_Data block_:
+-------+

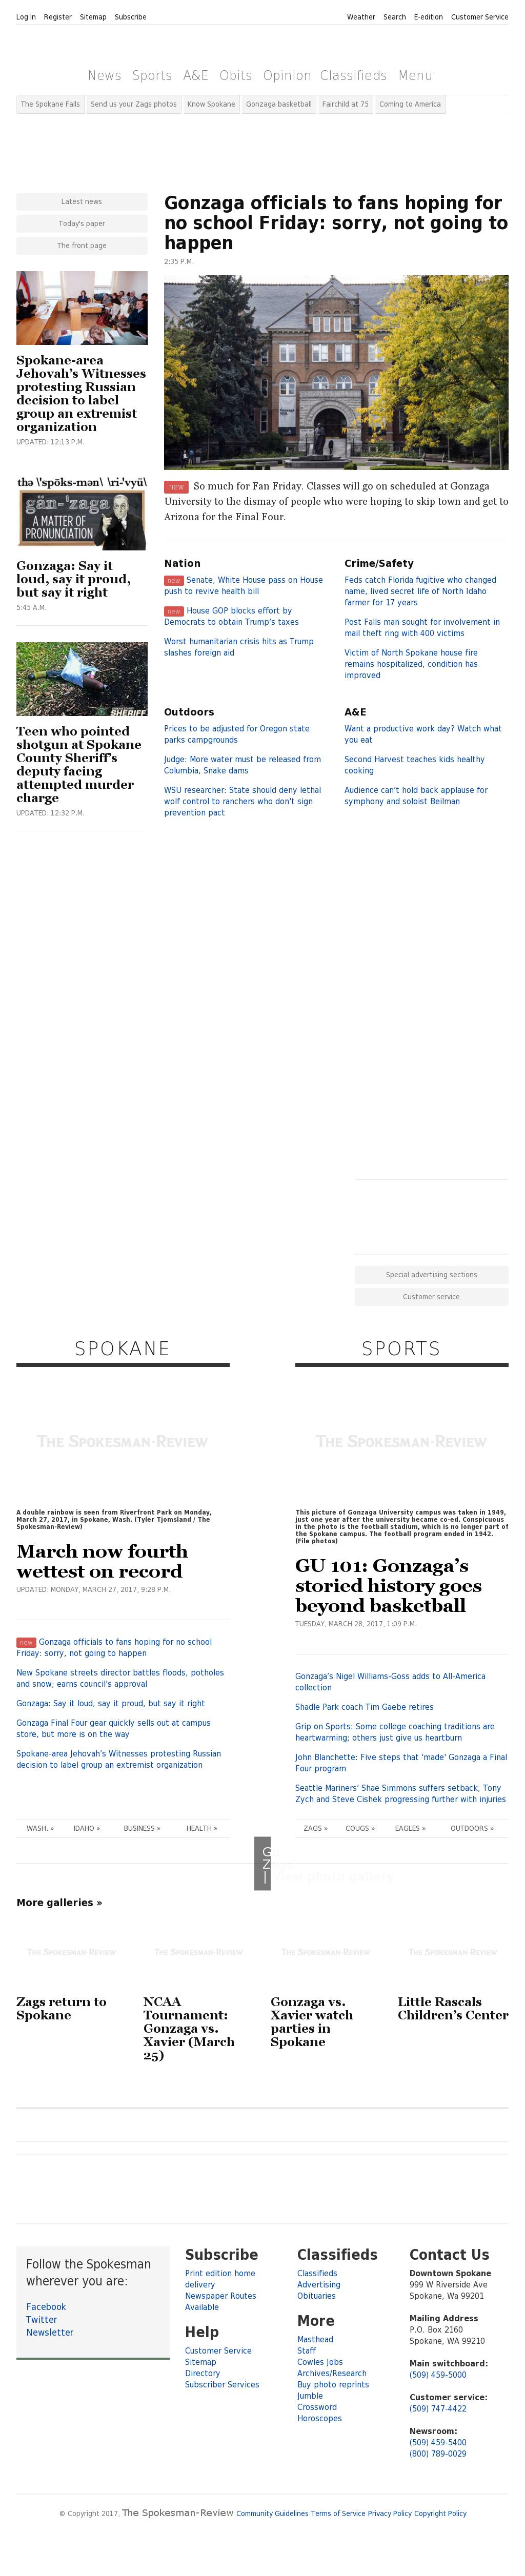 The (Spokane) Spokesman-Review at Tuesday March 28, 2017, 11:19 p.m. UTC
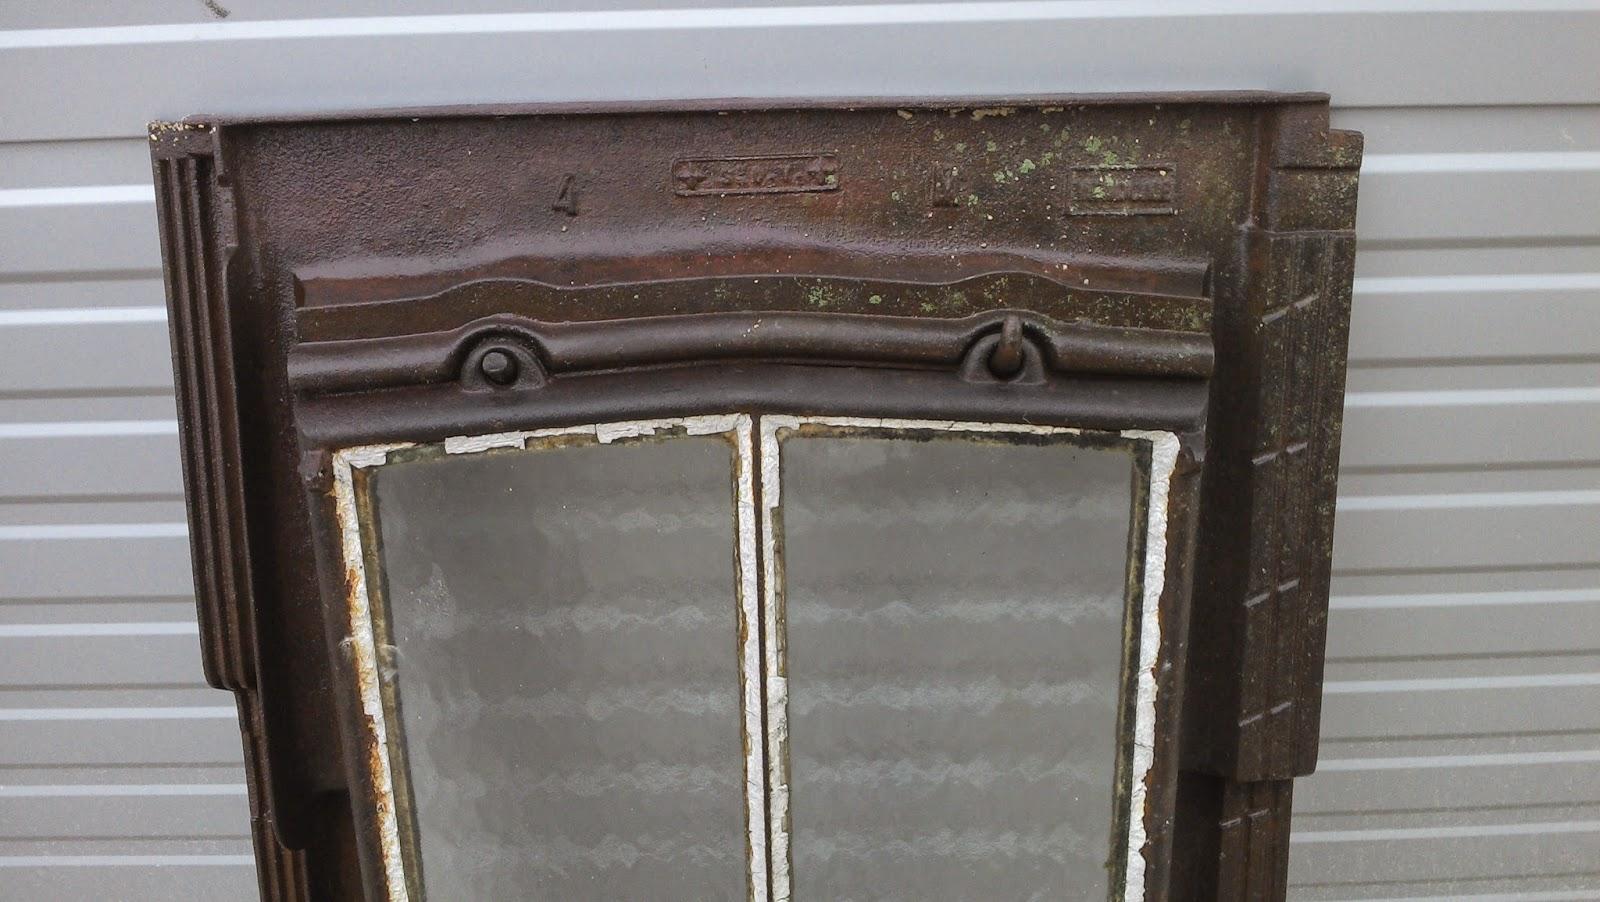 l ment d 39 architecture fen tre de toit tabati re fonte moul e 1900. Black Bedroom Furniture Sets. Home Design Ideas
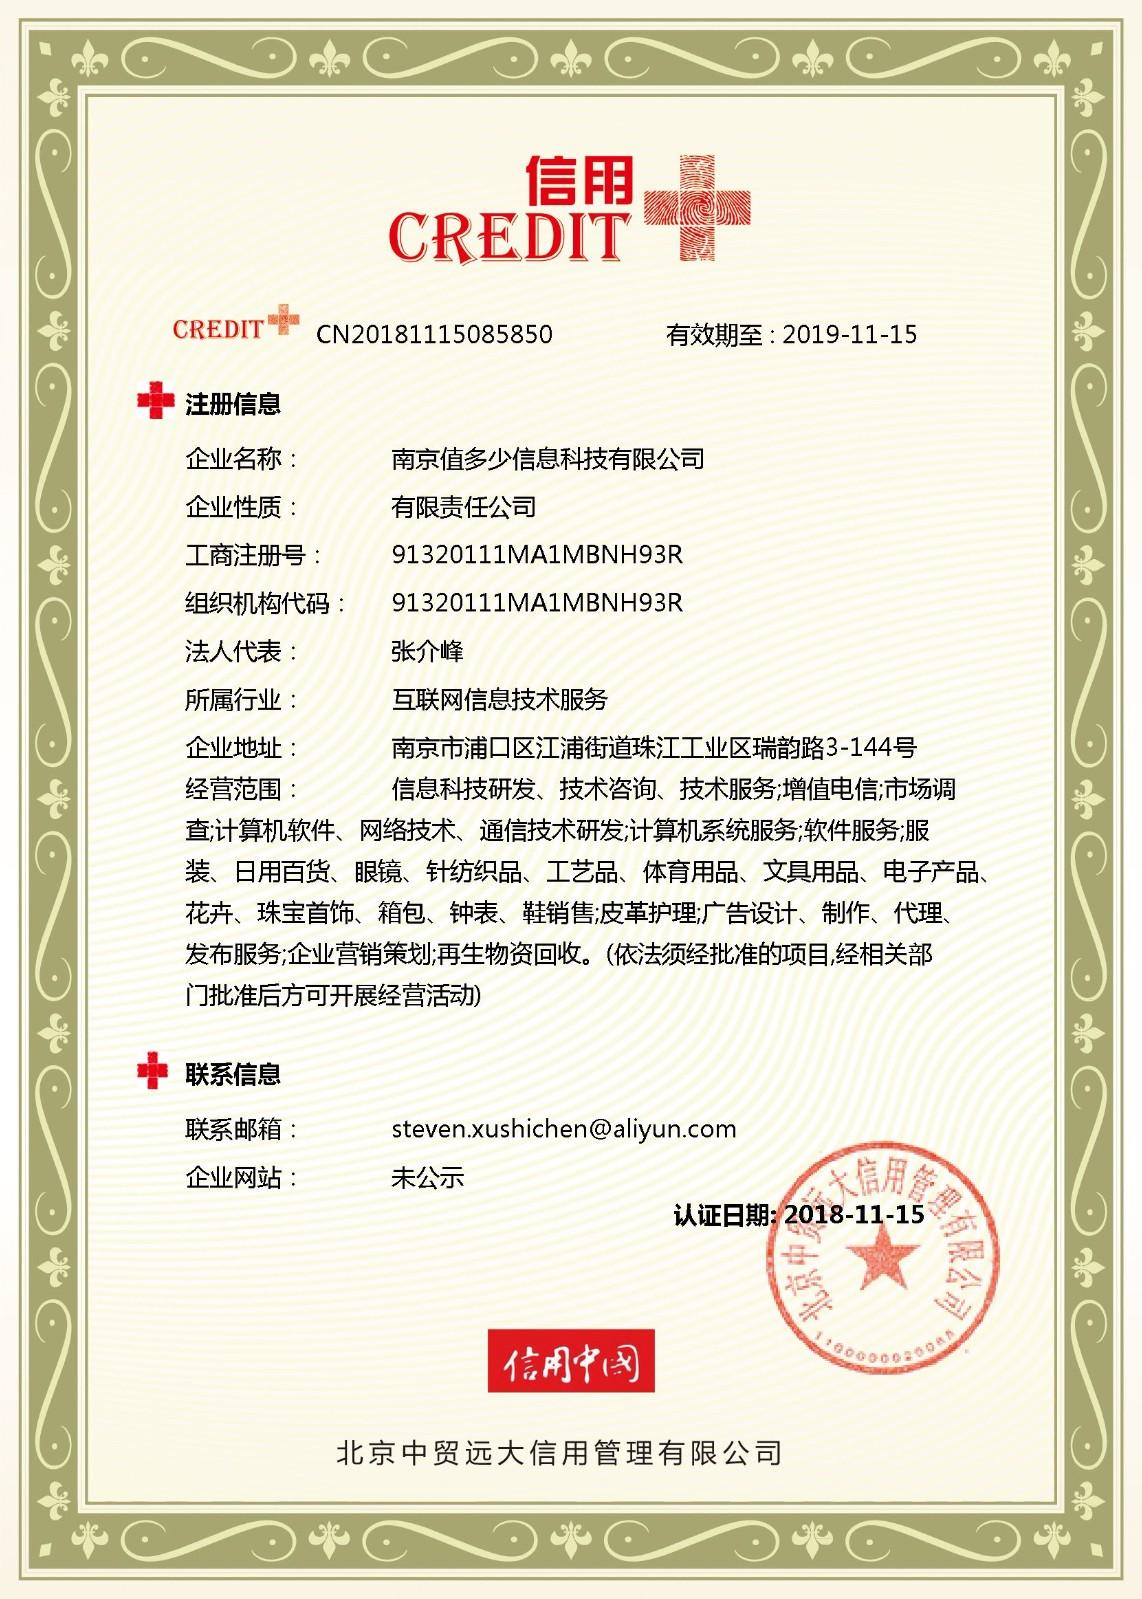 南京值多少信息科技有限公司.jpg

+-------+

_Work order_:
The expected answer is the lines from the one that has "l ment d 39" to the end of the listing, transcribed exactly, with pictures left out and no other line added.

_Result of the task_:
 l ment d 39 architecture fen tre de toit tabati re fonte moul e 1900. Black Bedroom Furniture Sets. Home Design Ideas
 南京值多少信息科技有限公司.jpg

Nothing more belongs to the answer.